CD248 is expressed on a subset of CD3⁺ T cells from human blood. Flow cytometry of CD248 antibody B1/35.1 in comparison with negative controls showing that CD248 is expressed on a subset (8·5%) of CD3⁺ lymphocytes from blood. CD19⁺, CD56⁺, CD14⁺ and CD16⁺ cells are CD248⁻. B, T and natural killer cells are forward scatter/side scatter (FSC/SSC) gated for lymphocytes, CD14⁺ cells are FSC/SSC gated for monocytes and CD16⁺ cells are FSC/SSC gated for neutrophils. Data are representative plots from a minimum of three experiments from different donors.

Figure 4

CD248 is expressed on naive CD8⁺ T cells and mature human thymocytes. CD248 is expressed by a distinct subset of CD8⁺ CD3⁺ T cells that is CD45RA⁺ CCR7⁺ CD11a^low and is present in blood and tonsil (a). Samples are gated in comparison with isotype controls. Data are representative plots from a minimum of five samples each. (b) Western blot (n = 1) showing CD248 protein expression only in rheumatoid arthritis synovial fibroblasts and CD8⁺ CD45RA⁺ T cells and not other T-cell subsets or HUVEC. (c) CD248⁺ CD3⁺ thymocytes (n = 1) are only found in the single-positive CD4⁻ CD8⁺ population of T cells.

Figure 5

Human (hu) CD248 transfection of MOLT-4 T cells resulted in decreased proliferation. CD248 monoclonal antibody B1/35.1 staining of surface (a) and fixed (b) MOLT-4 T cells transfected with either huCD248-pcDNA3.1 or pcDNA3.1 vector alone show that only the CD248 transfected line has high expression of CD248. Insets in (b) are nuclear counterstains. Scale bars represent 10 μm (n≥ 3).

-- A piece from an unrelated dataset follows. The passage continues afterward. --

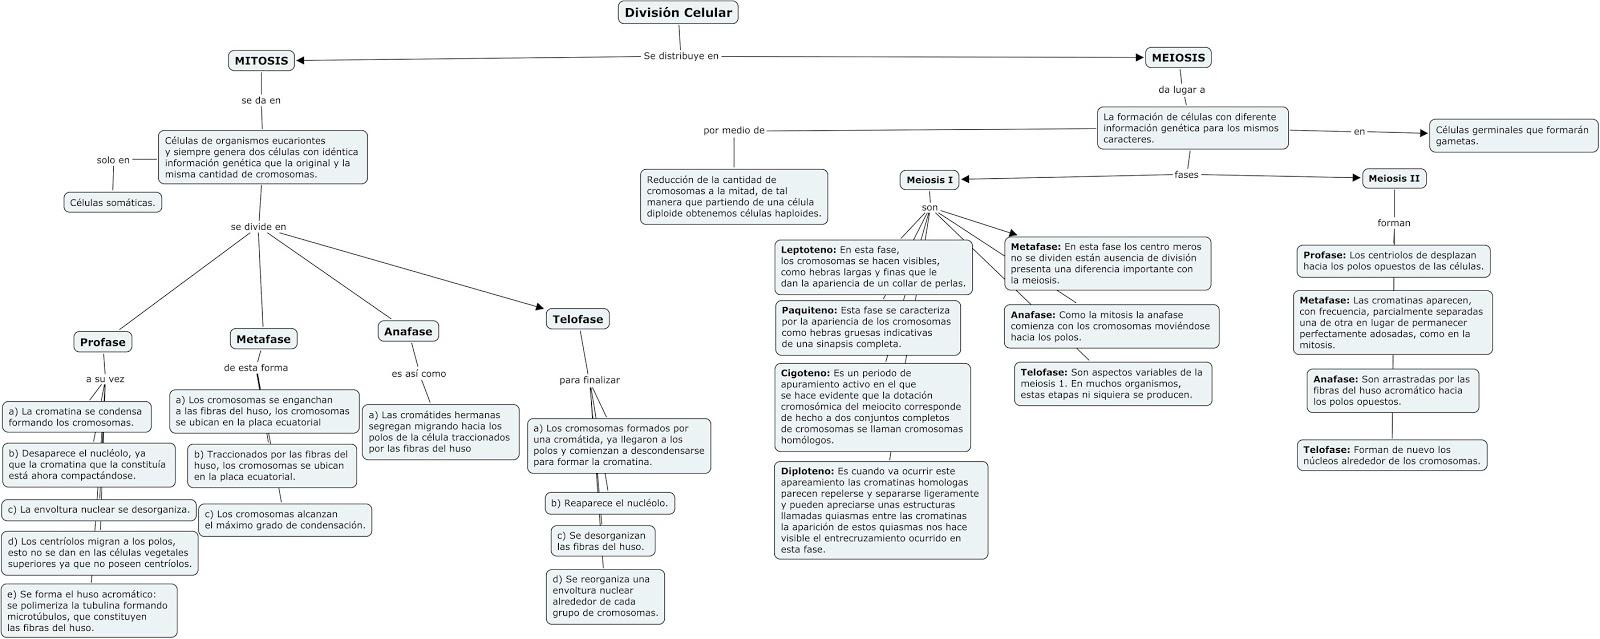 La ciencia de la estructura de la vida - Biologia: 2013

Comparison of the [³H]thymidine uptake of MOLT-4 T cells transfected with CD248-pcDNA3.1 (•) or pcDNA3.1 vector alone (○) shows that CD248⁺ cells have lower spontaneous proliferative capacity than their vector alone-transfected counterparts (c). This was demonstrated across a range of cell numbers and on day 1 of culture (n = 7). *P < 0·05, **P < 0·01, ***P < 0·001. The Student's paired t-test was applied to compare the statistical significance of linked data. Error bars represent SEM.

Figure 6

CD248 expression is associated with decreased proliferation of naive CD8 T cells. Quantitative PCR was used to demonstrate significantly lower levels (**P < 0·01) of CD248 RNA expression in CD248 small interfering (si) RNA-treated cells compared with controls (n = 3) (a). Significantly reduced protein expression (*P < 0·05) of CD248 in CD248 siRNA-treated cells compared with controls was also demonstrated (n = 3) (b). Cells were cultured with 0, 1·25, 2·5 or 5 μl T-cell expander beads for 3 days then their proliferation was compared using an 5-ethynyl-2′-deoxyuridine (EdU) incorporation assay. CD248 siRNA-treated naive CD8 T cells () exhibit higher EdU incorporation than scrambled siRNA-treated cells (). Data from three different donors are shown in (c) and the data are grouped in (d) showing CD248 siRNA treated naive CD8 T cells () exhibit significantly higher (*P < 0·05) EdU incorporation than scrambled siRNA-treated cells (). The Student's paired t-test was applied to compare the statistical significance of linked data. Error bars represent SEM.